= Roy Glenwood Spurling =

American neurosurgeon

Roy Glenwood "Glen" Spurling (September 6, 1894 in Centralia, Missouri - February 7, 1968 in La Jolla, California) was an American neurosurgeon remembered for describing Spurling's test.

== Biography ==
R. Glen Spurling studied at the University of Missouri (B.A. 1920, M.A. 1923) and Harvard Medical School, receiving his M.D. with honours in 1923. He undertook his internship at Peter Bent Brigham Hospital under Harvey Cushing, who inspired him to practice neurosurgery. He became neurosurgical consultant to the Louisville General Hospital in 1925, during his surgical residency. He founded the neurosurgery service at the University of Louisville medical school in 1926, and remained in charge there until he retired in 1960. He formed the American Association of Neurological Surgeons in 1931, becoming president in 1934, and was one of the founder members, and later president, of the American Board of Neurological Surgery. He published Practical Neurological Diagnosis, with Special Reference to Problems of Neurosurgery in 1935. (The 3rd, 4th, 5th, and 6th editions were published in 1944, 1950, 1953, and 1960, respectively.)

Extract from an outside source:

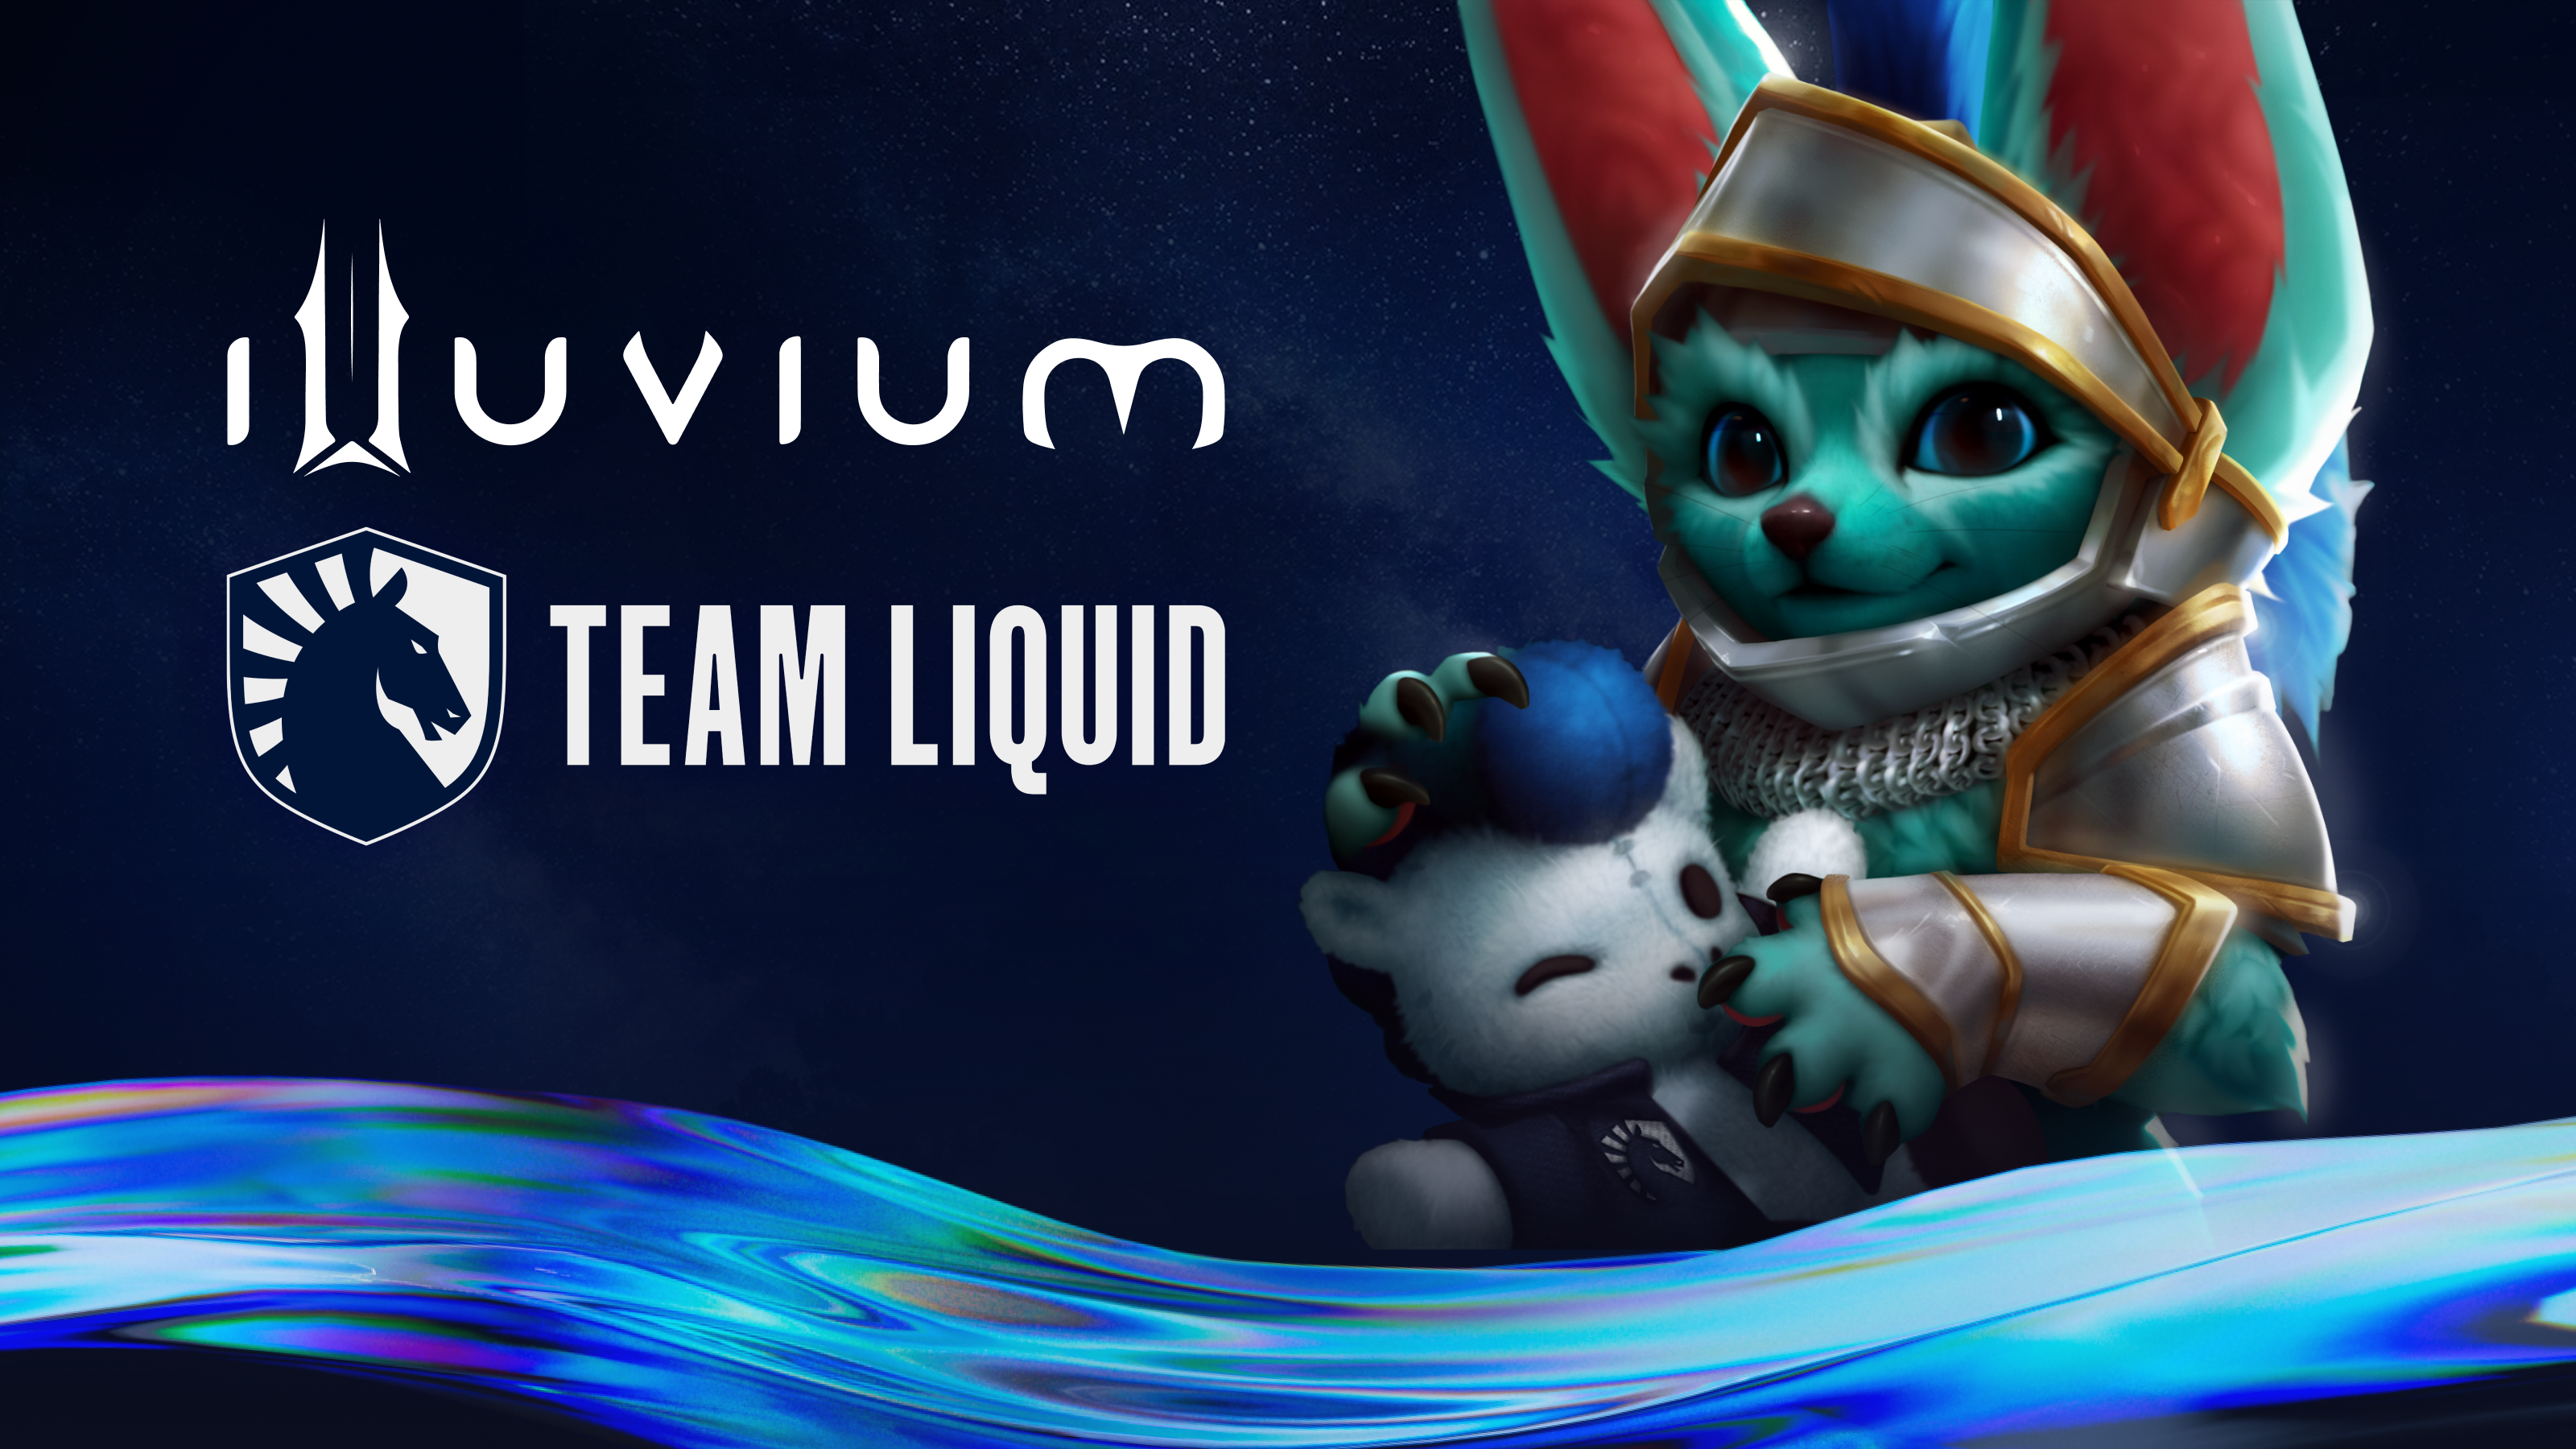 Illuvium x Epic Games Store : r/illuviumio

During the Second World War he was the first Chief of Neurosurgery at the Walter Reed General Hospital and organised the neurosurgical service for the United States Army while serving as Assistant Chief of General Surgery. He was posted to London in March 1944 with responsibility for neurosurgery in the European theatre. While travelling home in 1945 he was summoned to return to France to attend General Patton, at the request of Patton's wife, after the car accident that caused Patton's death.

He became an editor of the Journal of Neurosurgery during the Second World War, and later became chairman of the editorial board, remaining an advisor until his death. He was awarded an honorary D.Sc. in 1957 by the University of Missouri, and was given the title Distinguished Professor of Neurological Surgery by the University of Louisville on his retirement.